The upper part of their bodies is pale gray, which fades to paler gray on the underbelly.
They grow in length to about 11 feet and at birth are about 4 to 4 and half feet long.

Bullshark
Bullshark

Bull Sharks are regular visitors to inshore waters, and like lagoons freshwater rivers and lakes as well as coastlines.

The Bull Sharks is famous for its ability and habit of swimming many hundreds of miles inland into rivers such as the Mississippi and the Zambezi.

They are subtropical in Nature and will live anywhere from Africa to the coast of the US near North Carolina and Florida.

They eat many different varieties of fishes, turtles and seals as well as crabs and squid when they can take them.

Bull Sharks are live bearers, who have their young beneath the water.

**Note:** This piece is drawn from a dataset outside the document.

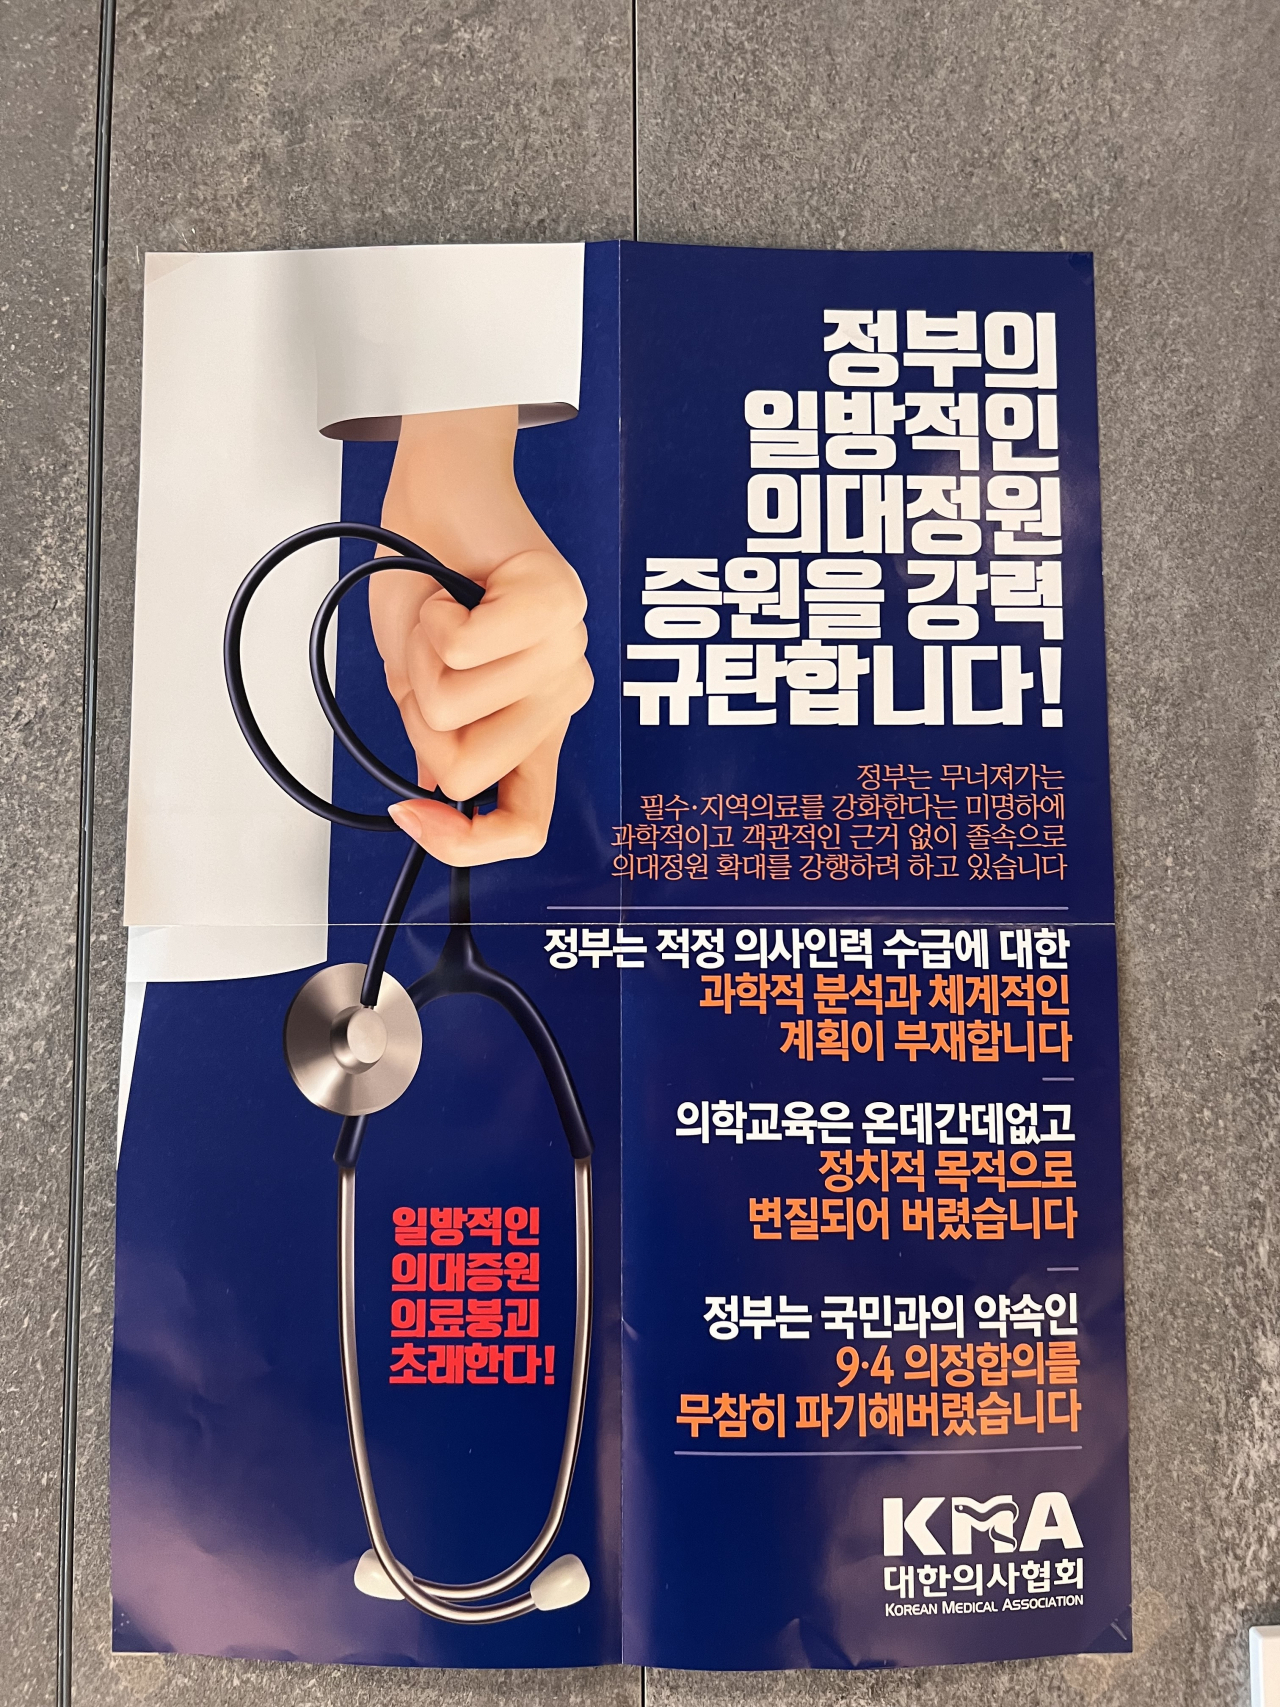 A poster that condemns the South Korean government’s decision to increase the medical school admissions quota is posted on the wall at the Korean Medical Association’s headquarters. (Park Jun-hee/The Korea Herald)

They bear from one to 12 young after gestating about 10 months.

The young are born ready to care for themselves and the parent shark does not protect or defend them.

Bullshark
Bullshark

Bull Sharks are one of the few sharks who are implicated each year in attacks on swimmers.

They are about third in line for the sharks that will attack most often. First in that category is of course the great white shark.